Nowadays, no curative treatment is available for GLYT1 encephalopathy, and disease management is exclusively supportive. Several treatments commonly used for nonketotic hyperglycinemia (another form of glycine encephalopathy) have been used in patients with GLYT1 encephalopathy, but none of them has been effective in mitigating the manifestations of the disorder. Most patients die in infancy.
A multidisciplinary management is recommended to manage psychomotor development, respiratory function, nutritional status and feeding, musculoskeletal malformations, and visual and hearing impairments if present. Thus, the patient should be evaluated by neonatologists, pediatric neurologists, nutritionists, traumatologists, physical medicine and palliative care specialists.
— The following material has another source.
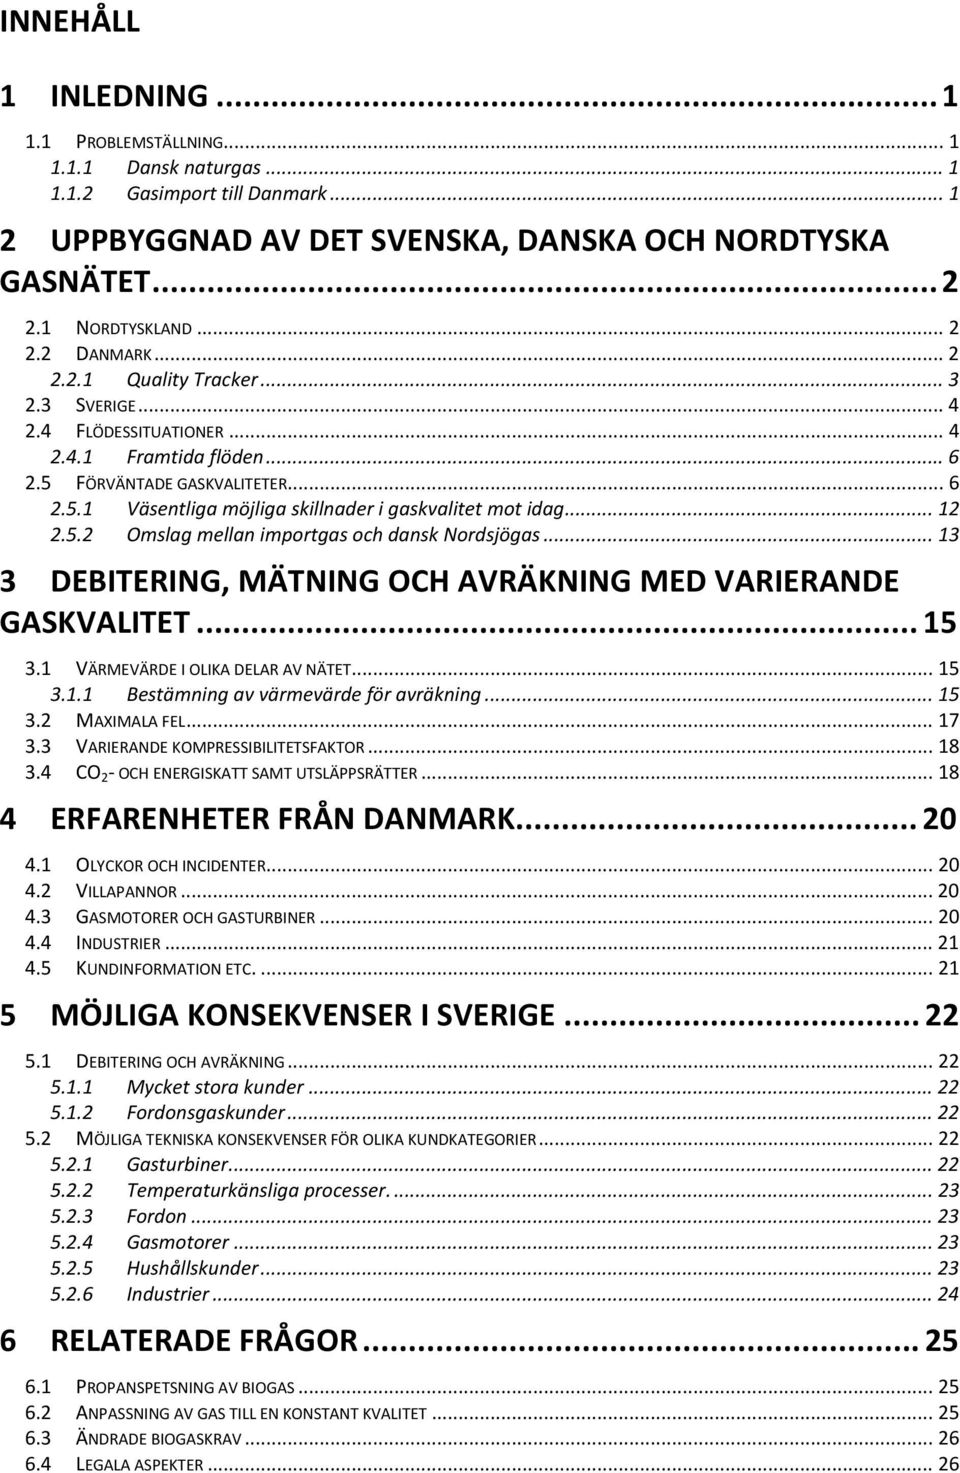 .. 12 2.5.2 Omslag mellan importgas och dansk Nordsjögas... 13 3 DEBITERING, MÄTNING OCH AVRÄKNING MED VARIERANDE GASKVALITET... 15 3.1 VÄRMEVÄRDE I OLIKA DELAR AV NÄTET... 15 3.1.1 Bestämning av värmevärde för avräkning.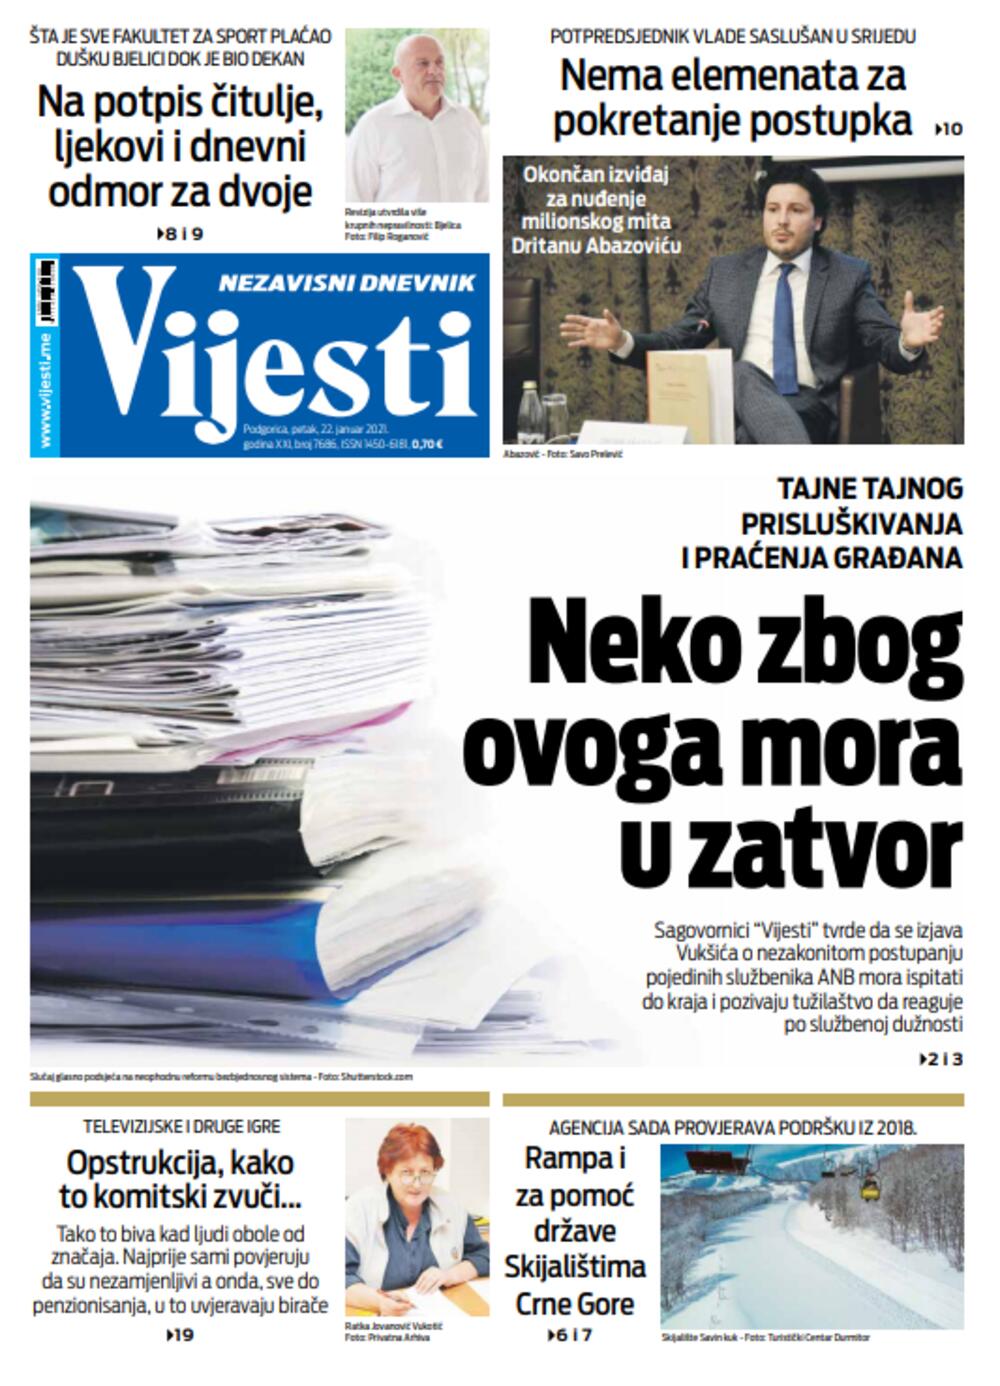 Naslovna strana "Vijesti" za 22. januar 2021., Foto: Vijesti

It is important to perform a neurologic assessment including electroencephalogram to distinguish startle responses from seizures. Brain imaging and physiologic tests, such as visual evoked potentials, brain stem evoked response audiometry, and evaluation of motor and sensory nerves, are recommended to better understand the extent of the clinical involvement.
There are no known agents to avoid. However, valproate (which is contraindicated in nonketotic hyperglycinemia) should be avoided as it increases the concentration of blood and cerebrospinal glycine.
On the other hand, parents of children affected by GLYT1 encephalopathy should receive genetic counselling. The risk of recurrence in these families is high, hence the possibility of prenatal or preimplantation genetic diagnosis should be discussed with the couples.